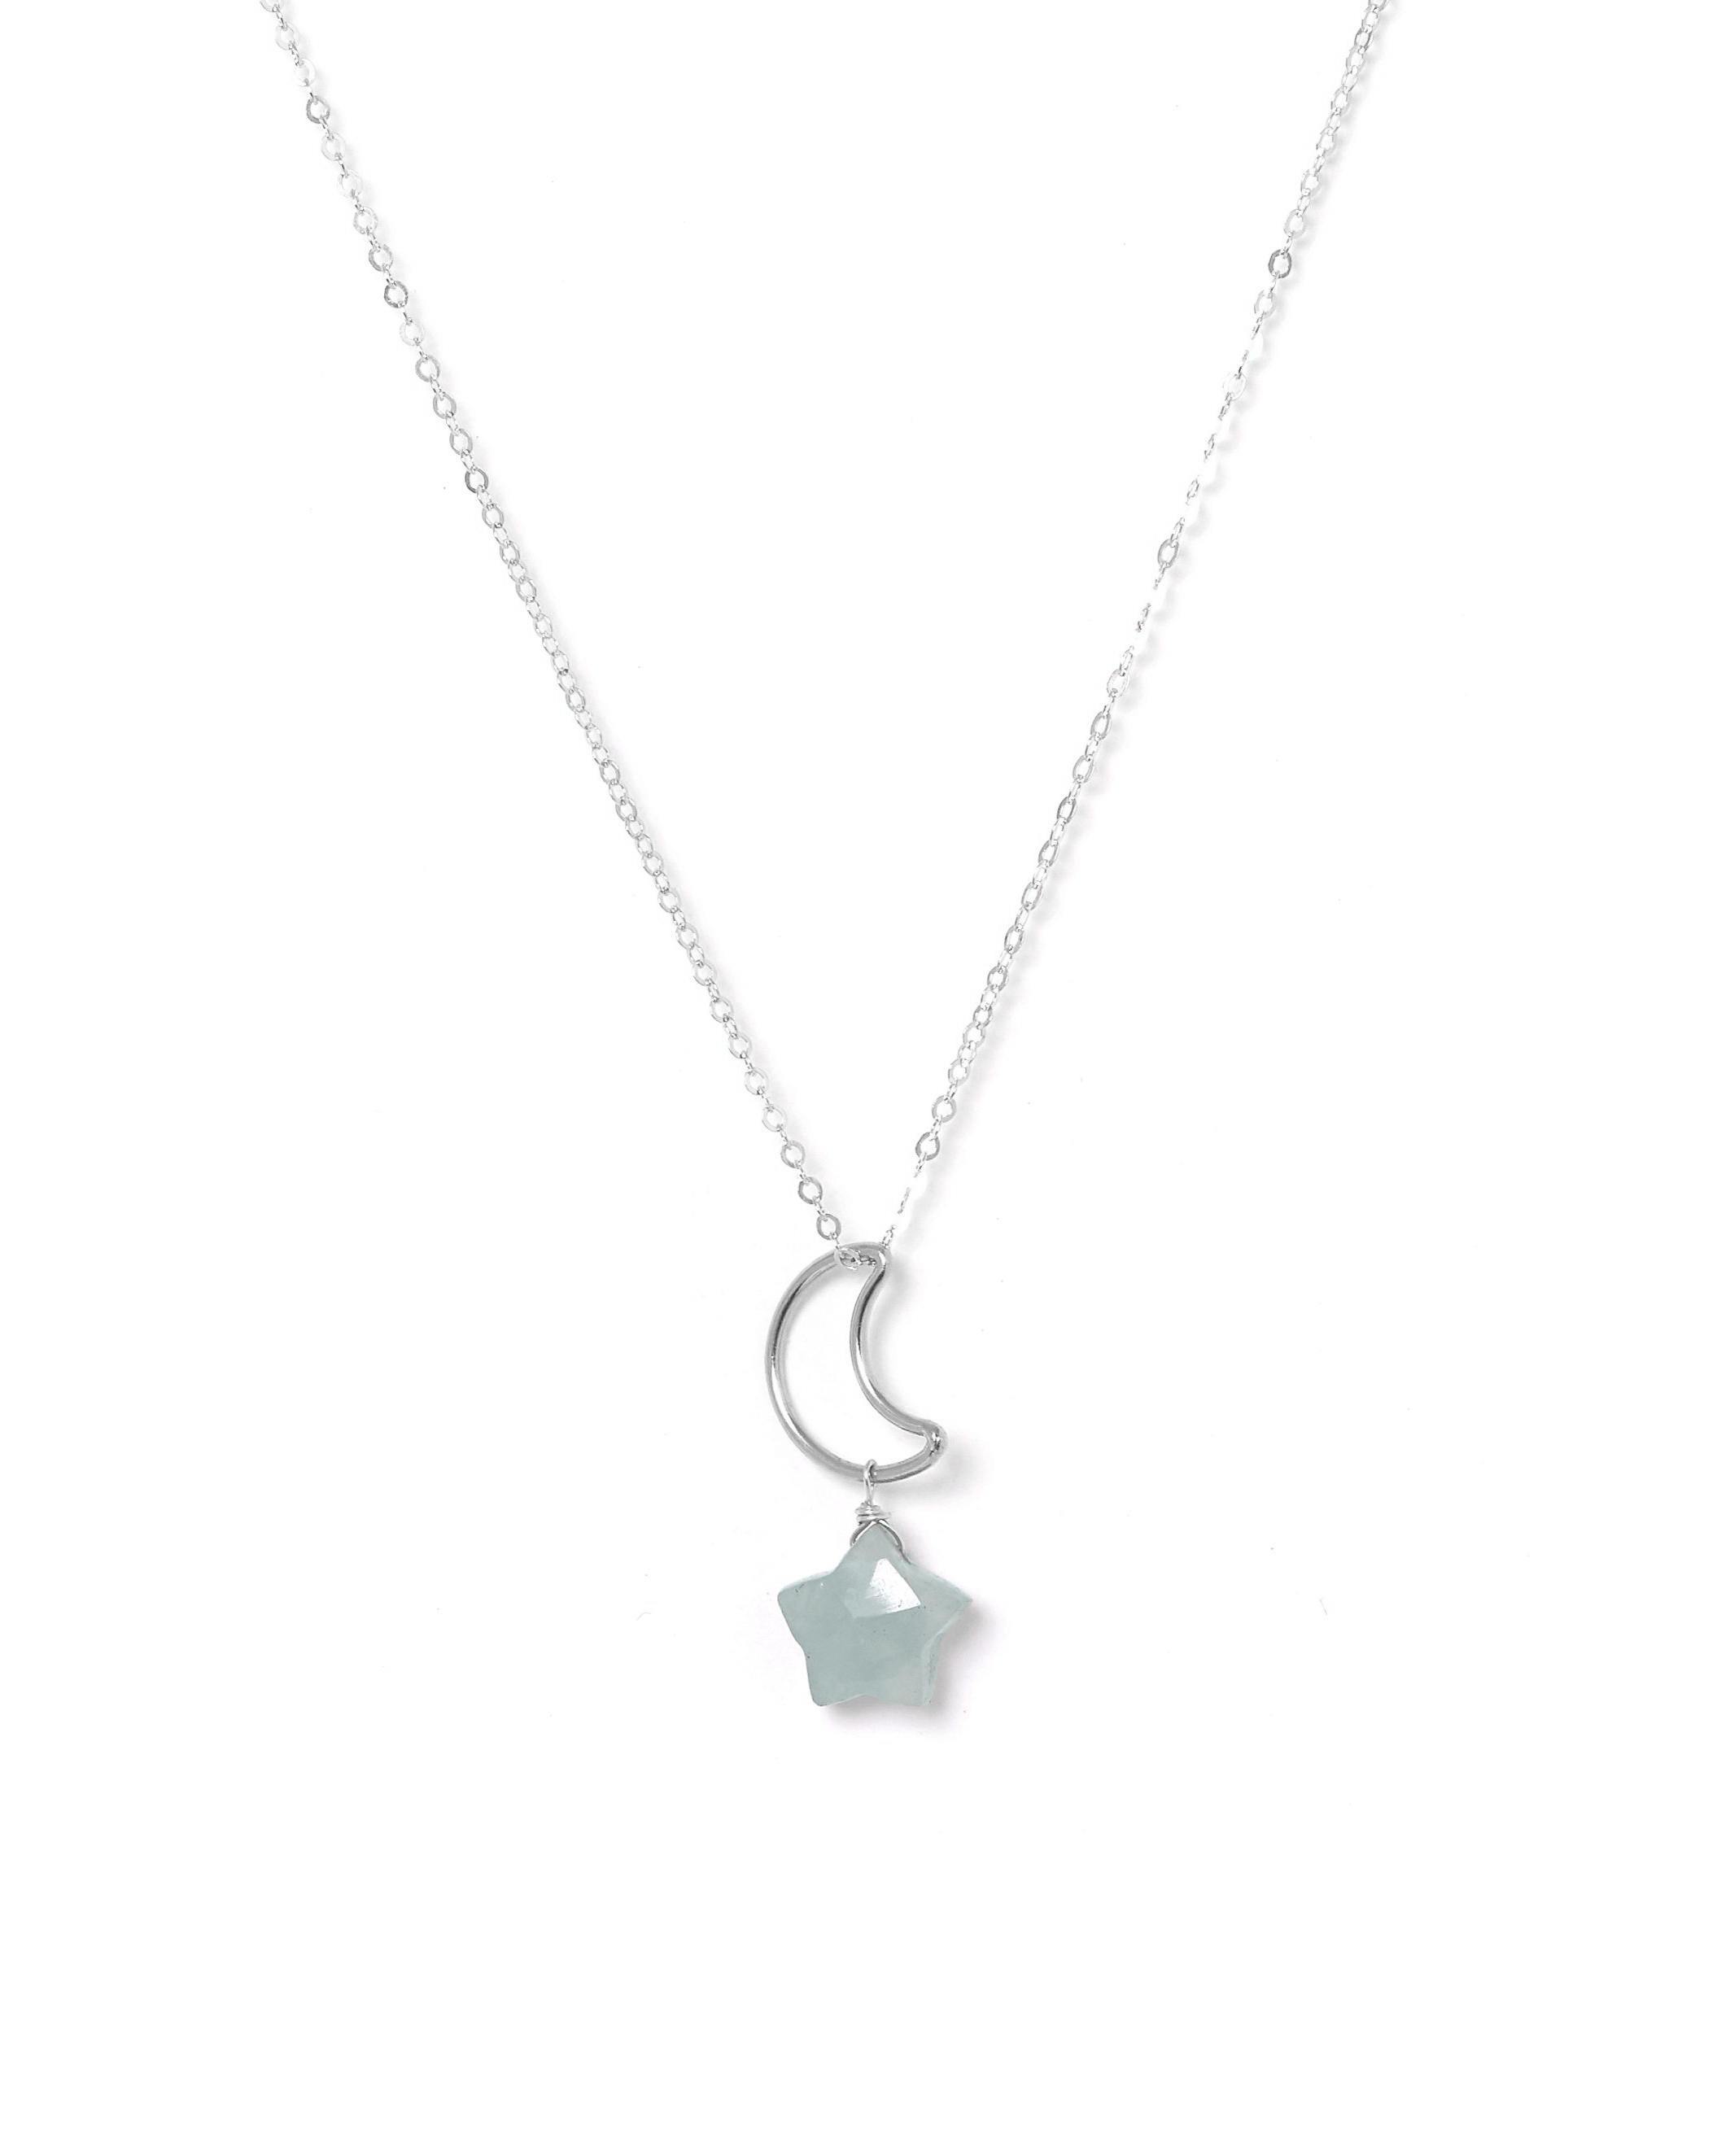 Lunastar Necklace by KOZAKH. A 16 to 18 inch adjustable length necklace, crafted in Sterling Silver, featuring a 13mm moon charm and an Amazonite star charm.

+ + + + + + +

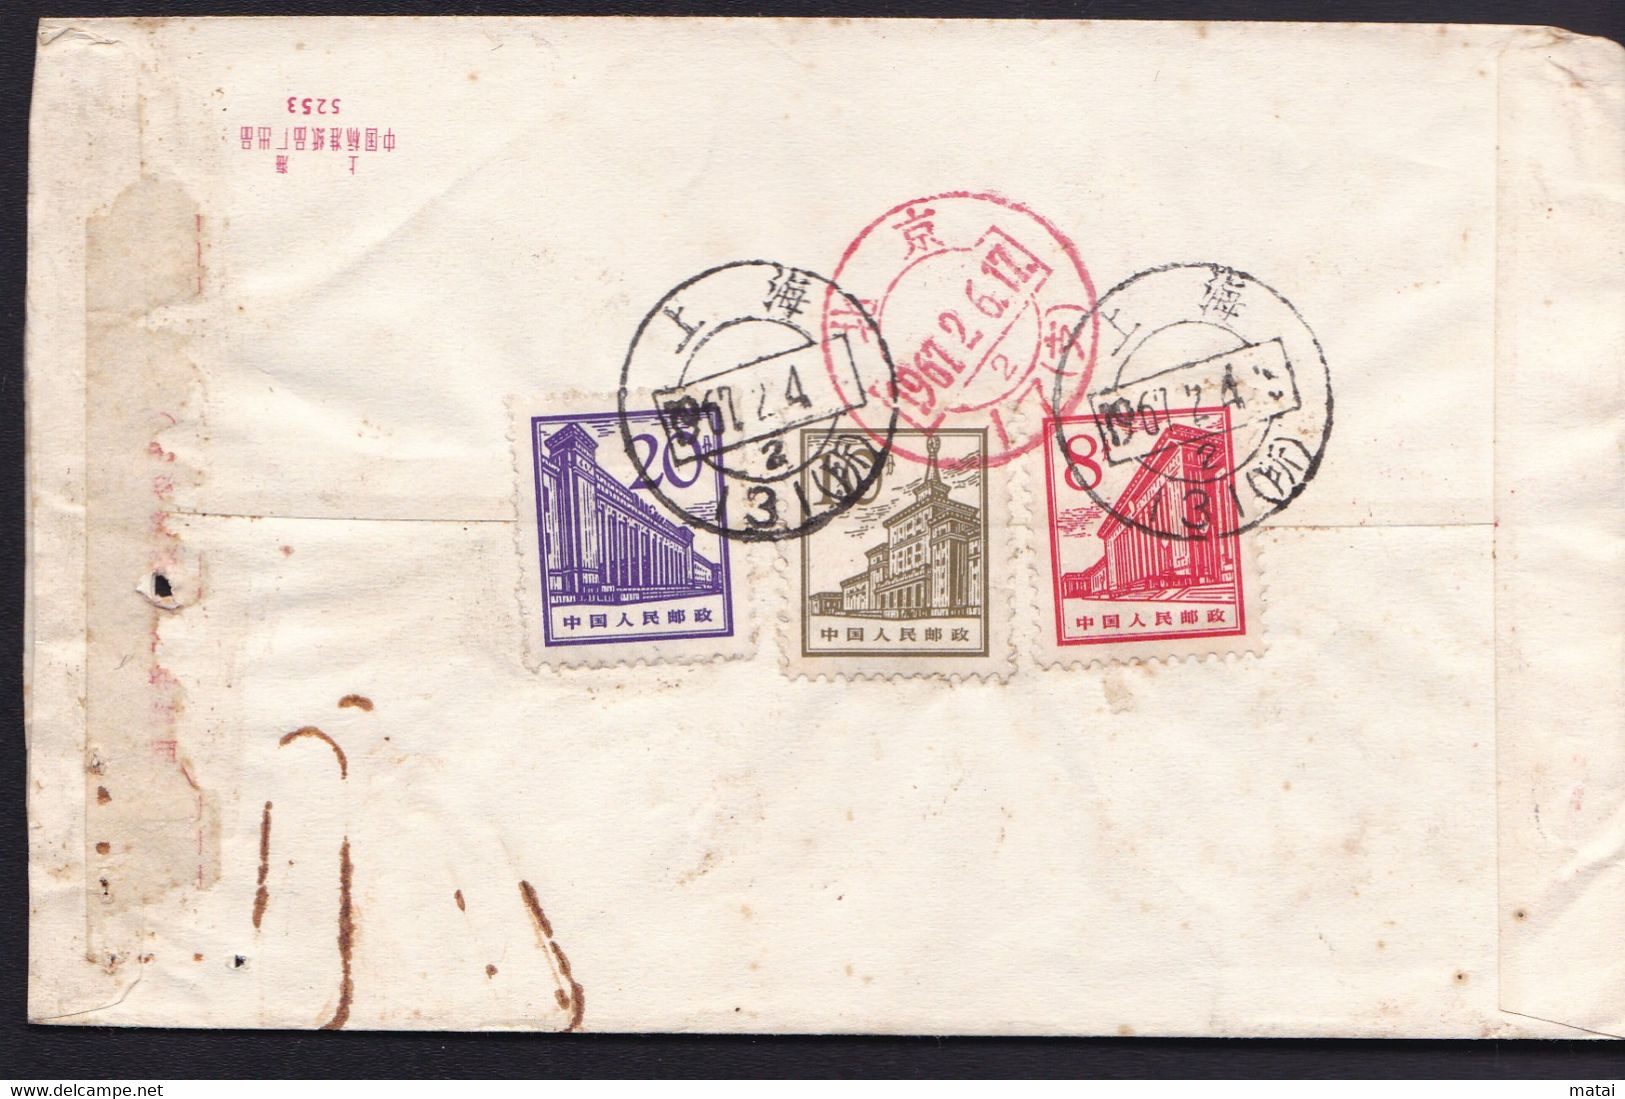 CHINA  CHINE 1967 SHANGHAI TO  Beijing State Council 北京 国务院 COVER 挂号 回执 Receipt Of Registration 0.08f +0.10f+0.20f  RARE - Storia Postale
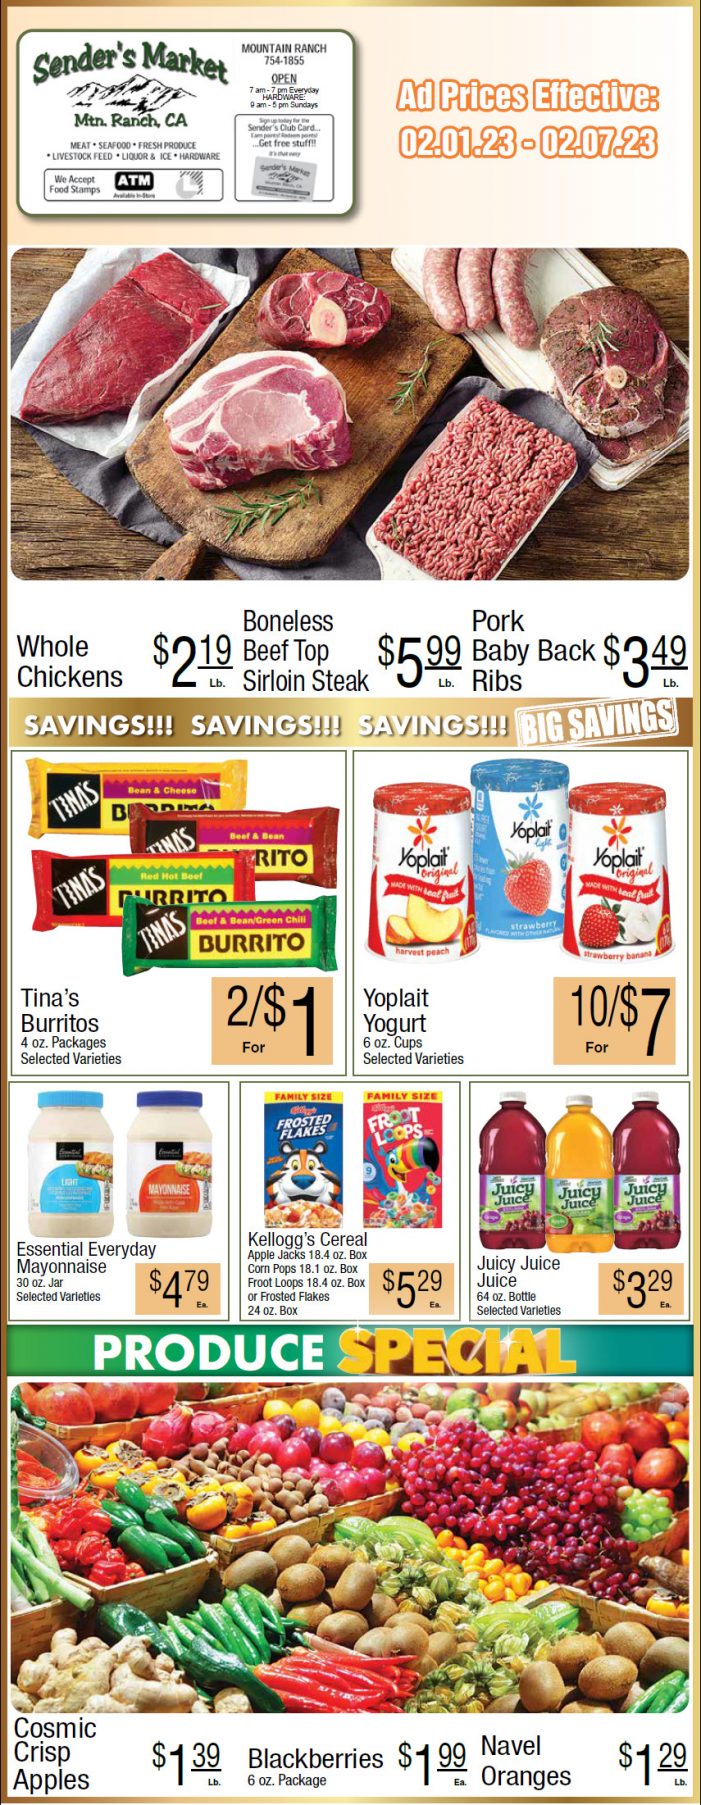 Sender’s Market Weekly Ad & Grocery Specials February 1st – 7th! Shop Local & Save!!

+ + + + + + +

WHAT THE TASK ASKS:
Beginning at the line above that contains "- Storia Postale", repeat each line exactly through the one that contains "Sender’s Market Weekly", and leave out the pictures.

WRITTEN ANSWER:
 CHINA  CHINE 1967 SHANGHAI TO  Beijing State Council 北京 国务院 COVER 挂号 回执 Receipt Of Registration 0.08f +0.10f+0.20f  RARE - Storia Postale
 Sender’s Market Weekly Ad & Grocery Specials February 1st – 7th! Shop Local & Save!!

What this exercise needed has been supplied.